New York (awp/afp) - Après un court répit, les difficultés des fleurons de la grande distribution américaine ont ressurgi au premier trimestre, caractérisées par une chute des bénéfices, des banqueroutes, une hécatombe en Bourse et la fermeture de milliers de magasins.

Depuis le début de l'année, environ 7.000 magasins ont été fermés par les enseignes aux Etats-Unis, soit davantage que sur l'ensemble de l'année 2018, selon un décompte effectué par l'AFP.

Gap (230 magasins fermés), Victoria's Secret (53), Chico's (250), Family Dollar (390), Fred's (263) Dress barn (650 magasins), Payless ShoeSource (2.500), Gymboree (800), Charlotte Russe (520) et Shopko (371) font partie des chaînes ayant lancé de drastiques plans de restructuration.

Les cinq derniers groupes ont même déposé le bilan et demandé la protection du chapitre 11 de la loi américaine sur les faillites, qui leur permet de continuer à opérer sans rendre des comptes à leurs créanciers.

"Cette décision a été difficile, mais nécessaire, la chaîne Dress barn ne donnant plus satisfaction en termes de rentabilité dans l'environnement actuel de la distribution", explique Steven Taylor, le directeur financier.

Ces entreprises ont également en commun le fait que leurs magasins sont souvent situés dans des centres commerciaux géants (malls) en perte de vitesse du fait de l'explosion des ventes sur internet.

En outre, elles n'ont pas investi suffisamment et tôt dans le commerce en ligne et dans la rénovation de leurs magasins, selon le cabinet Retail Metrics.

Amazon et les plateformes de vente de vêtements sur internet comme Stitch Fix et Rent the Runway grâce à leurs approches singulières -- des achats avec les conseils d'un styliste par exemple -- se sont engouffrés dans la brèche.

Abercrombie plonge

Les colosses de la "fast-retail" qui renouvellent régulièrement leurs collections tels que Zara et H&M, et la décision de grandes marques (Nike) de vendre directement leurs articles aux consommateurs ont aussi changé la donne.

Le secteur de la distribution est par ailleurs bousculé par la hausse du salaire horaire minimum en pleine dynamique du marché du travail, l'augmentation des coûts de transport et la guerre des promotions.

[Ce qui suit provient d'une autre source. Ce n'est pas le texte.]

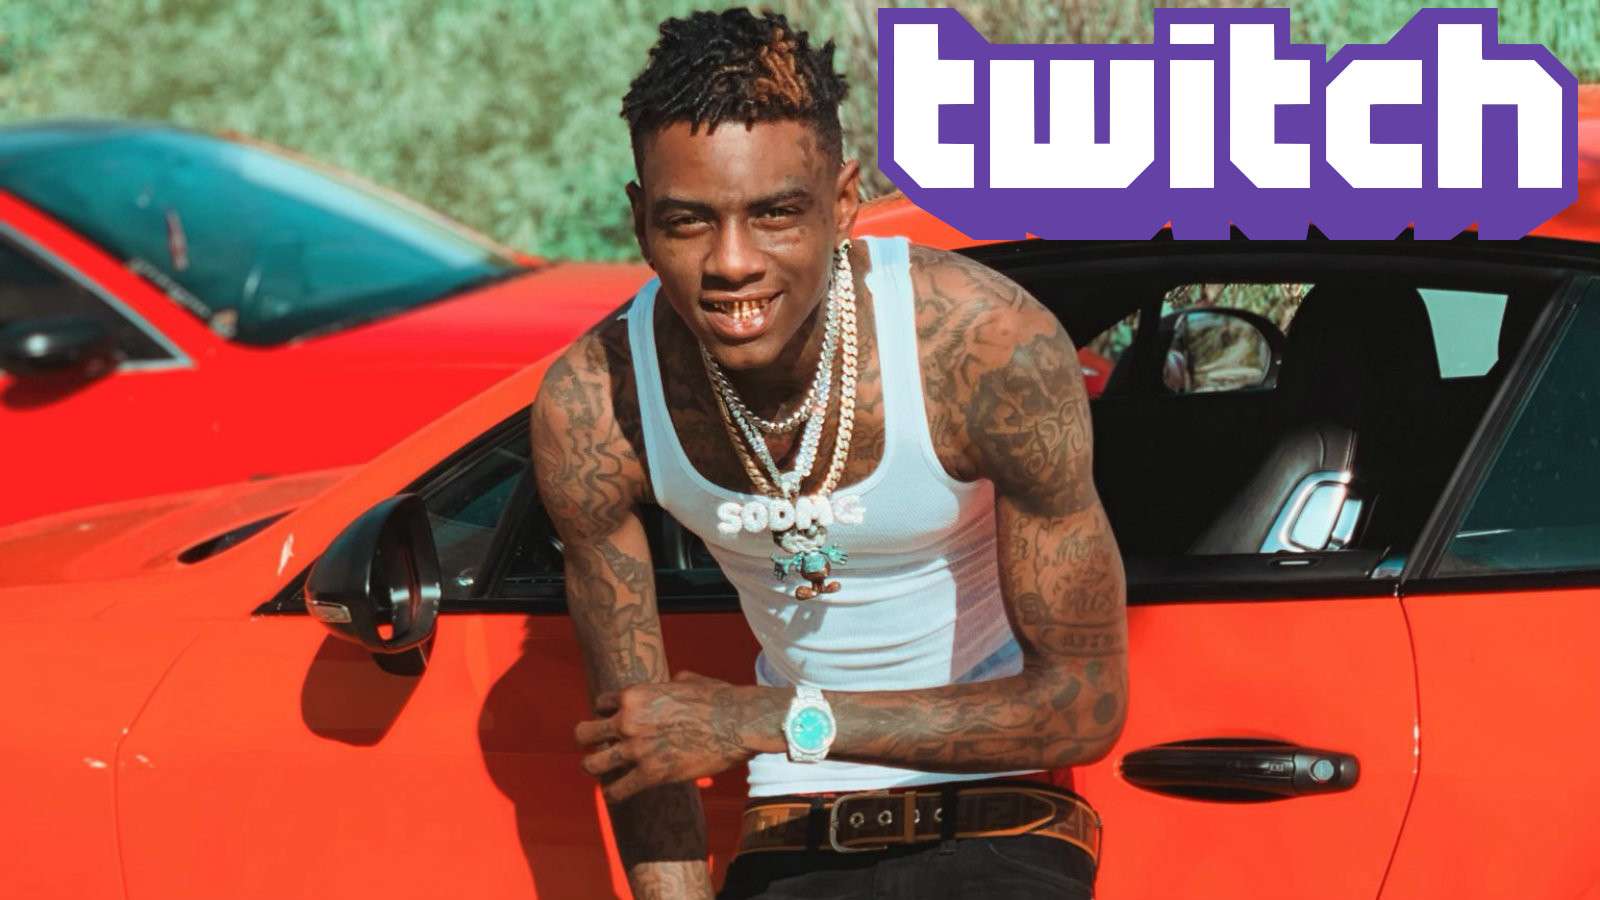 Soulja Boy poses with a car and the Twitch logo

Conséquence: les bénéfices ont plongé, entraînant dans leur chute les actions en Bourse.

Abercrombie & Fitch a enregistré une perte nette de 19,1 millions de dollars au premier trimestre et son titre est en baisse de 14% depuis janvier à Wall Street. Le groupe, qui essaie de redorer son image après plusieurs scandales, va fermer trois nouvelles boutiques emblématiques -- une à Soho à New York, une à Fukuoka au Japon et une autre à Milan.

La chaîne de magasins de vêtements Forever 21 est, elle, en train d'envisager un dépôt de bilan qui pourrait s'accompagner de centaines de suppressions d'emplois, selon la presse américaine.

En Bourse, la performance du secteur de la distribution au mois de mai a été la plus mauvaise depuis novembre 2008, en pleine crise financière. L'indice sectoriel ETX (XRT) a ainsi perdu 12,3%.

Les choses pourraient empirer dans les prochaines semaines, en raison du regain de tensions commerciales entre les Etats-Unis et la Chine, craint la banque UBS, qui redoute la fermeture de 12.000 magasins supplémentaires.

Les deux premières puissances économiques s'imposent des tarifs douaniers supplémentaires réciproques sur leurs importations, ce qui perturbe la chaîne logistique des groupes américains de la distribution.

Certains noms tirent toutefois leur épingle du jeu, à l'image de Target et Walmart, dont l'offensive dans la vente sur internet a permis d'élargir leur clientèle aux millenials (17-34 ans) et aux classes sociales aisées, selon les experts.

Walmart a racheté les sites internet Art.com et de lingerie barenecessities.com pour séduire une clientèle jeune et branchée.

L'enseigne a aussi rénové ses magasins physiques où elle propose désormais des services vétérinaires et teste des technologies. Ses ventes sur internet aux Etats-Unis se sont envolées de 37% au premier trimestre.